Do you remember how the wonderful TV series Six Feet Under began?  In the opening scene, one of the key characters, Nathaniel Fisher Sr., is run over by a bus. His oldest son has to return from living far away, and his youngest carries on the family funeral business. Their dead father appears to them to help them through the tough times to come.

The Last of the Bowmans pays homage to that, but in a very British way. Also, a black comedy, it opens with Lyle Bowman’s death through accidental poisoning – drinking a jar of white spirit by mistake.

We’re then introduced to long-suffering Billy and his wife Jean. They had met at a charity gala.

Jean dismissed his idea that her attendance at the gala was an act of selflessness. ‘Cancer affects us all, Billy – not just poor people,’ she told him. ‘It’s affected me.’

‘I’m… I’m so sorry to hear that,’ Billy stammered, unsure if she herself or a close family member had suffered the disease. ‘Would you like to talk about it?’

Jean drained the contents of her glass and Billy prepared himself for the worst.

‘I read an article in Reader’s Digest, Billy,’ Jean said, her voice faltering. ‘It was about a young woman in her twenties – my age – who died of the disease. It was the most moving and upsetting story I’d ever read and I cried for days afterwards. Mummy became quite concerned about me.’

Jean then refilled her wine glass and cut herself a large piece of cheese.

It wasn’t quite the story Billy had been expecting, but he was again struck by the sensitivity Jean exuded. Mentally, he placed another tick in her humanitarian box. What a stroke of good fortune it was to have been seated next to her!

‘My own mother died of a thrombosis,’ he said.

‘I’m very sorry to hear that, Billy, but let’s face it: she didn’t die from cancer, did she?’

This extended quote gives you a flavour of the black humour that laces through this novel. Jean is a bit of a monster – and you can guess that she and Billy’s younger brother Greg don’t get on – especially after he, high on magic mushrooms at their wedding, shouted ‘JEAN’S A VAMPIRE’ at the impediment question.

The funeral doesn’t quite go without a hitch either – Greg nearly misses it – just as well he didn’t arrive in time to see Billie’s daughter Katy perform ‘her grandfather’s favourite song’ – Hit me baby one more time.  Instead he makes a bit of an entrance:

Katy was the first to turn and see the man. He was tall and suntanned, with long blonde hair swept back from his eyes and wearing Bermuda shorts, a Hawaiian shirt and flip-flops. She nudged her father. ‘What’s that surfer man doing here?’

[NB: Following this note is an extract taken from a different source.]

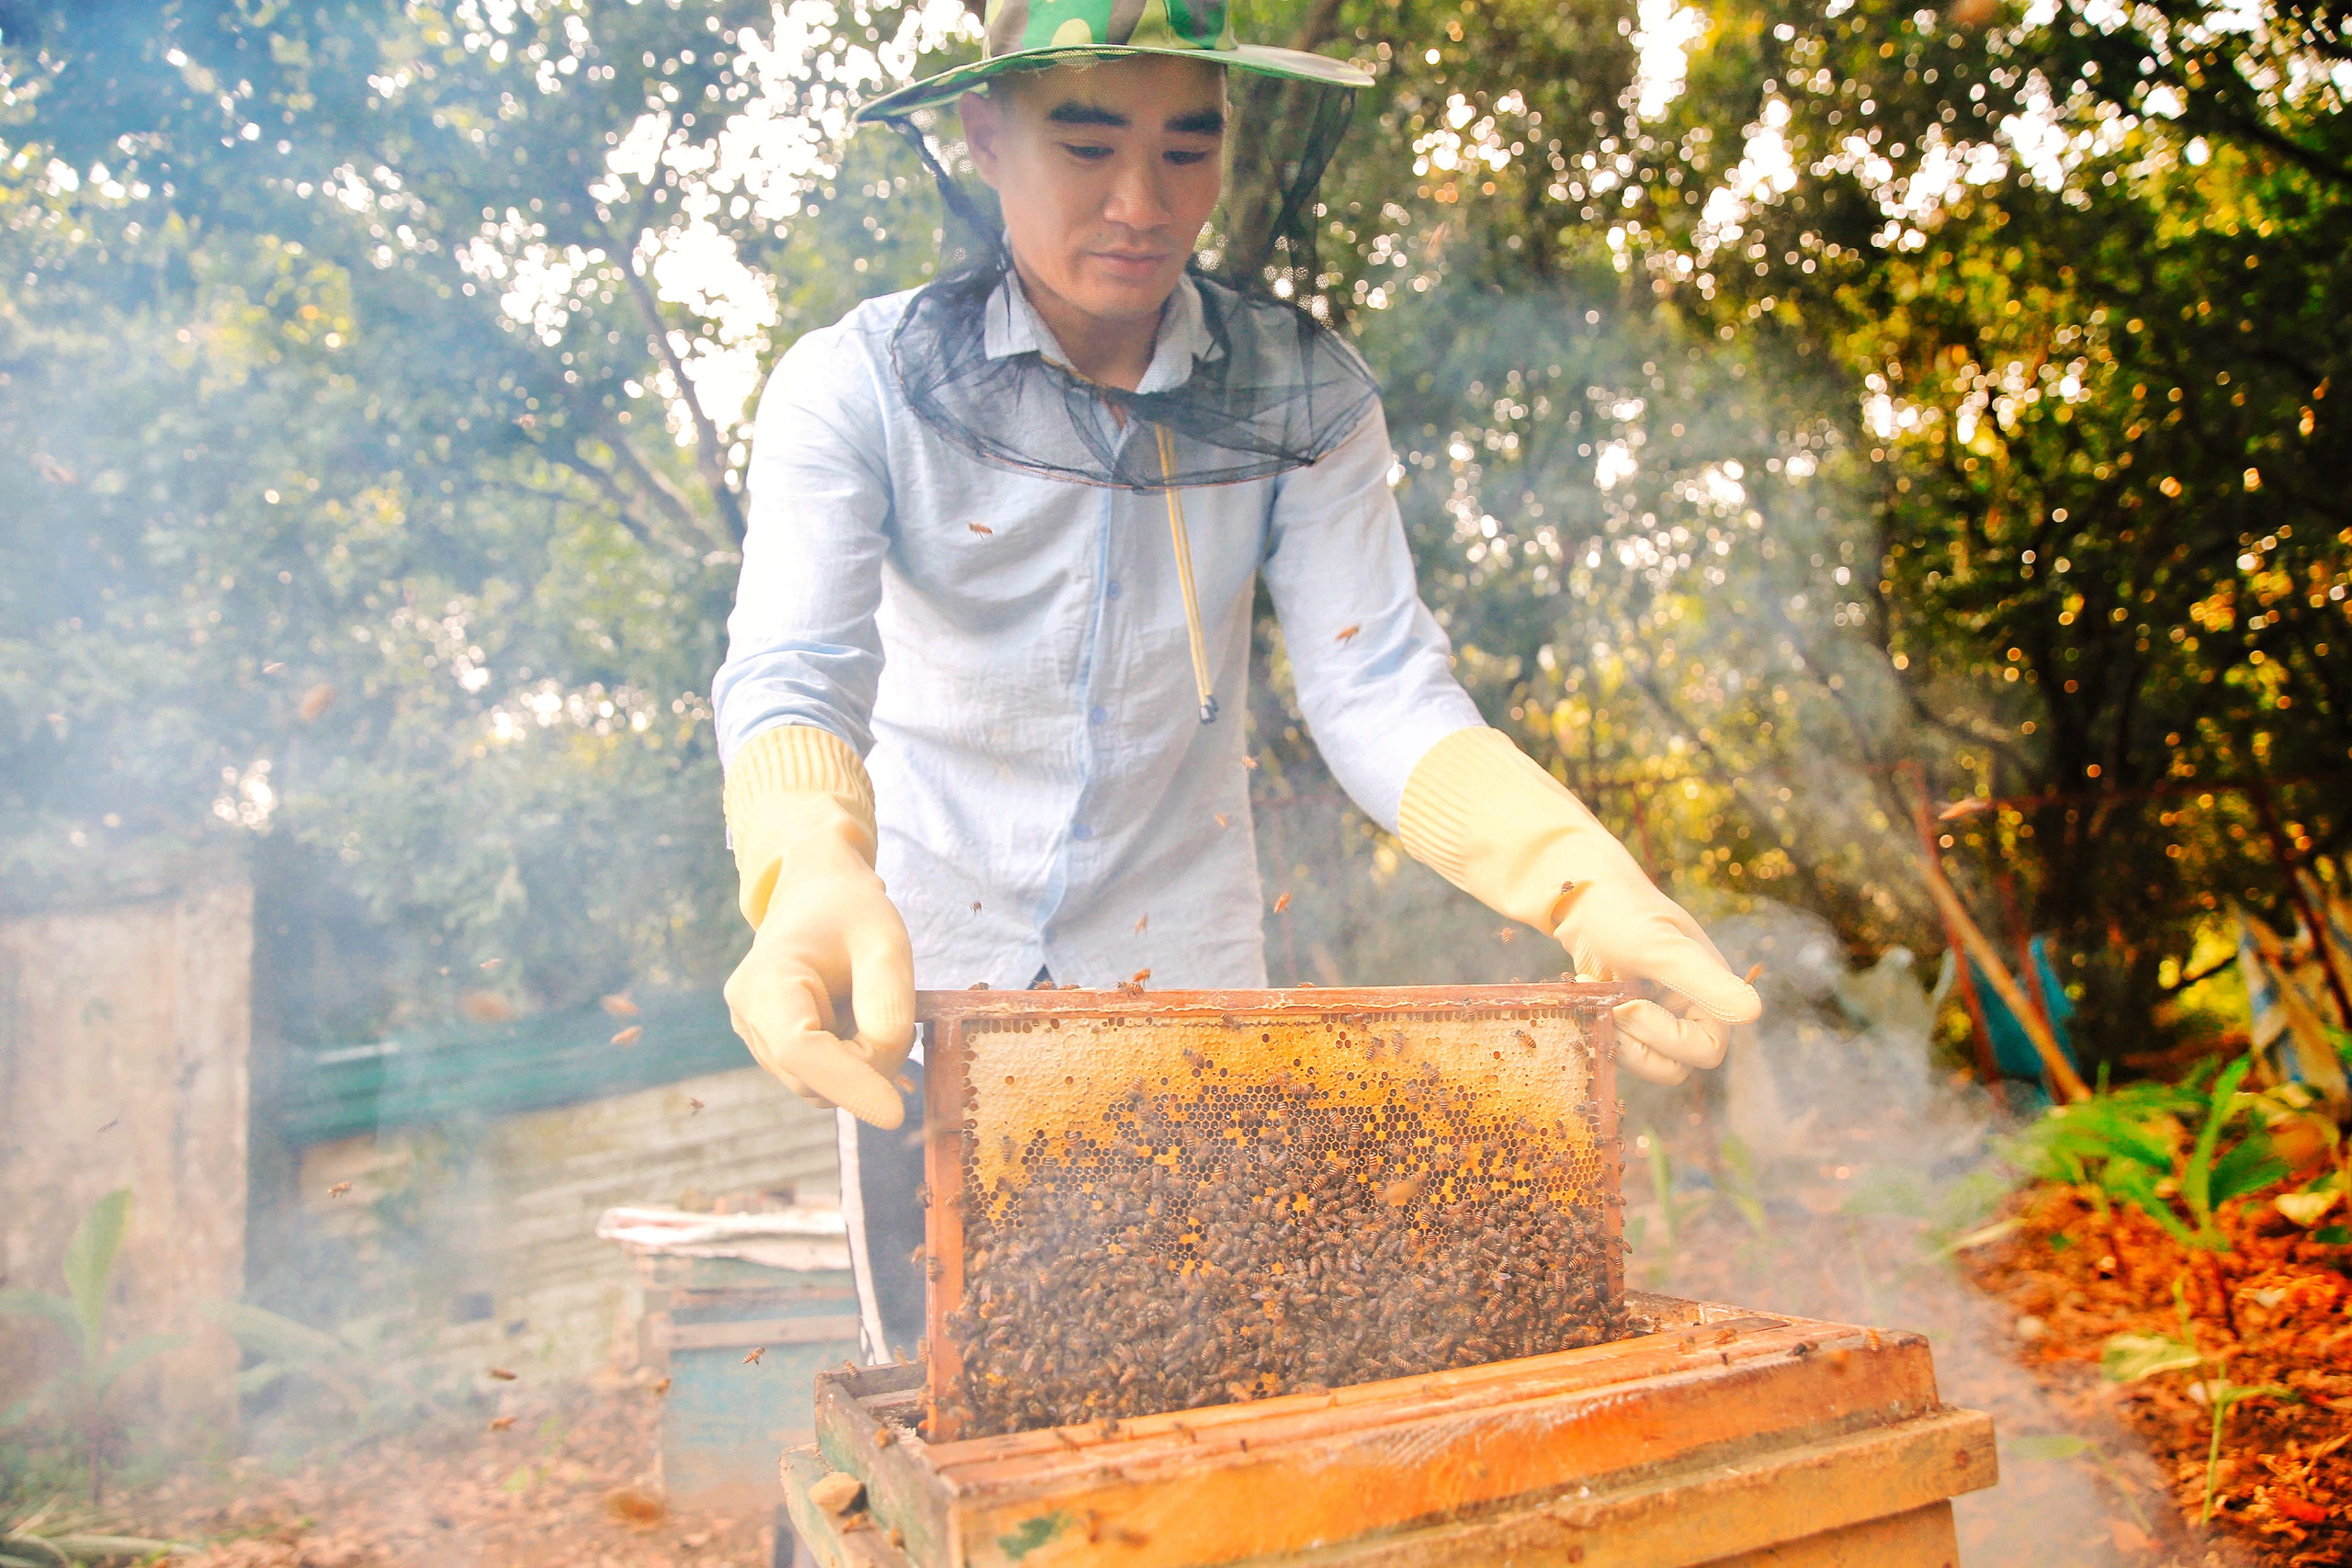 Đến &quot;thủ phủ mật ong&quot; giữa mùa thu hoạch, gặp người đàn ông đã dành cả tuổi xuân đảm nhiệm công việc giữ gìn đàn ong giống quốc gia - Ảnh 6.

Billy turned and smiled. ‘That’s your Uncle Greg, Katy. I told you he’d be here!’

It was the first time the two brothers had seen each other in seven years.

They had managed to divert Greg’s luggage to Iceland on his flight back from the USA, where he teaches in a university. Jean is overjoyed that he’ll lodge with them until his suitcase turns up! There’s one other main character to introduce – Uncle Frank. Lyle’s brother, a bachelor and rather un-PC-talking man who frequently upsets others when he opens his mouth. Eventually, Greg is able to move into his father’s house to start clearing it and getting it ready to sell. He sits down in his dad’s armchair and notices there’s no television:

Greg felt slight panicked. ‘How the hell am I supposed to entertain myself?’ he wondered out loud.

‘I’ll talk to you son,’ a voice said.

Greg froze.

‘It’s me, kid, your old Dad,’ Lyle said. ‘Turn around and let me take a look at you.’

Lyle is in limbo for twenty days until the paperwork for him to enter the afterlife is sorted out. He can appear to one person only for short periods of time. He charges Greg with fixing his family before he goes.

Getting to work, Greg discovers his brother is fixated by a woman with no feet, is suspended from work and has not told his wife about it; Uncle Frank is planning to rob a bank to finance going to Montana to be a cowboy. In helping them both, Greg will discover a big secret from the past that affects him as well. Can Greg solve all this family’s problems before his father’s ghost goes off and he has to fly back to the USA?  He’s going to have a bloody good try!

Henderson gradually teases out all the back-stories in the relationships between the brothers, their rather aloof father, their beloved mum who died too early and the ever-present Uncle Frank. The main characters all have a depth to them which takes us along with them on the emotional roller-coaster of life. One minute we’re laughing as Uncle Frank says something outrageous, the next we’re worried about how Billy can keep his situation from Jean. Squashing the action into just one month gives an urgency to Greg’s task of fixing them all.

Betty and Jean provide some good comic scenes. Betty, being the daughter of a tripe-seller, had married up – becoming the wife of a chiropodist. Uncle Frank loves to remind her of their lowly origins much to Jean’s disgust. Billy, having failed as an accountant, is now a book salesman – Jean says he’s ‘in publishing’, but it’s clear she’s disappointed in her husband’s inability to raise them up the social ladder. No wonder Billy has problems.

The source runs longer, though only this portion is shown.